В сущности, все решено. Мне остается только быстро записать, как все произошло.

Девятого я сразу же поскакал в лес к Тийту, как и намеревался. Издали еще по прислоненным к дверям граблям я увидел, что хозяина нет дома, но это меня не смутило. Поставил коня под крышу, бумаги в промасленном мешке отнес на сеновал и засунул их за четвертое стропило слева, в толщу соломенной крыши. Спустился по лестнице, стал посреди двора и поглядел на плохонький хлев и конюшню, откуда Тийт выпустил своих конягу и коровенку на пастбище, – теперь в приоткрытые ворота слышалось только сопение моего собственного серого в яблоках. Я смотрел на пустую собачью конуру (своего Клэхви Тийт взял с собой в лес) и на дорожки между хлевом, собачьей будкой и дверью в избу, протоптанные Тийтом в светло-зеленой, еще жидкой траве, сквозь которую проглядывал коричневый земляной грунт, и опять на дверь, подпертую граблями. Они говорили: не входи, если ты чужой… Я-то не был чужим… а все же…
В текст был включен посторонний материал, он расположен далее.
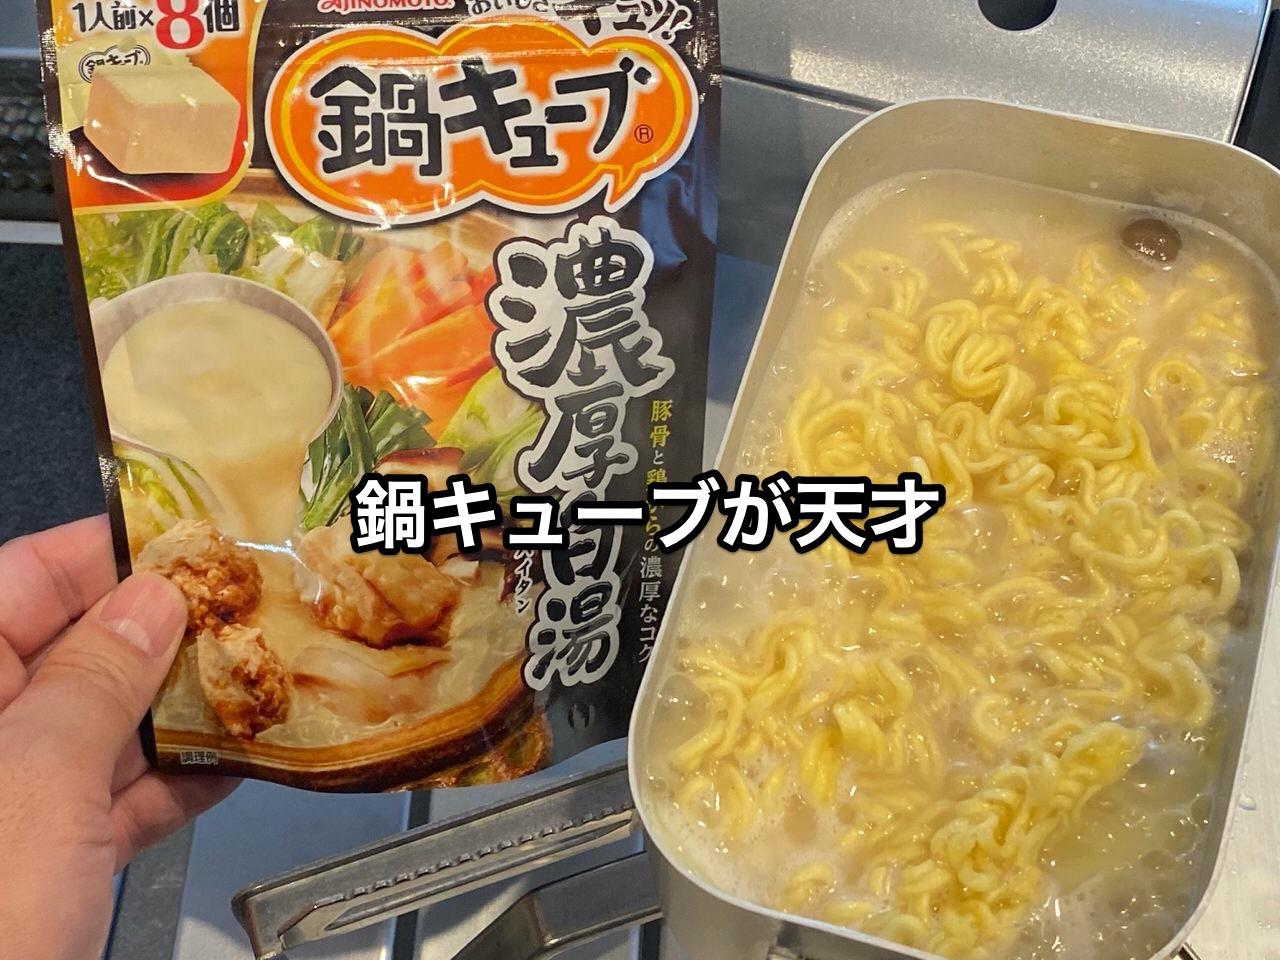 「メスティン」インスタントラーメンを作る時に鍋キューブ濃厚白湯を使うと最高に旨い、合格!

Я стоял там посреди нэресаареского двора светлым и прохладным майским днем, в такой день, когда каждый стебелек, каждая сосновая хвоинка, кажется, вот-вот готовы открыть свою тайну и когда заранее знаешь, что все равно ничего не станет ясно… Я стоял там все еще с ощущением давящего на меня груза и одновременно уже с чувством освобождения от всякой тяжести. И все равно чертовски одинокий… И тут я увидел у камышника свою лодку, на прошлой неделе проконопаченную и покрашенную. Я метнулся к берегу, стал опрокидывать лодку, перевернул ее дном вниз, столкнул в воду, схватил лежавшие на берегу весла и принялся грести. Вниз по течению. Только через версту я понял, что верхом доскакал бы вдвое быстрее.

Я привязал лодку прямо у причала и вошел в дом. Я схватил Анну в объятия и целовал ее в полуоткрытый, онемевший от удивления рот и чувствовал, как мой порыв все наконец выложить сделал ненужным ее вопросы.

Анна… некоторые обстоятельства пришли мне на помощь и подлили масла в огонь… под мое уже давно клокотавшее на огне решение… Анна… с прошлого года перед господом богом ты моя жена. Будь же теперь моей женой и перед людьми…

И я стал говорить, какие обстоятельства вызвали это решение. (Позже я подумал, не могло ли ей показаться, что этих обстоятельств что-то даже чересчур много.)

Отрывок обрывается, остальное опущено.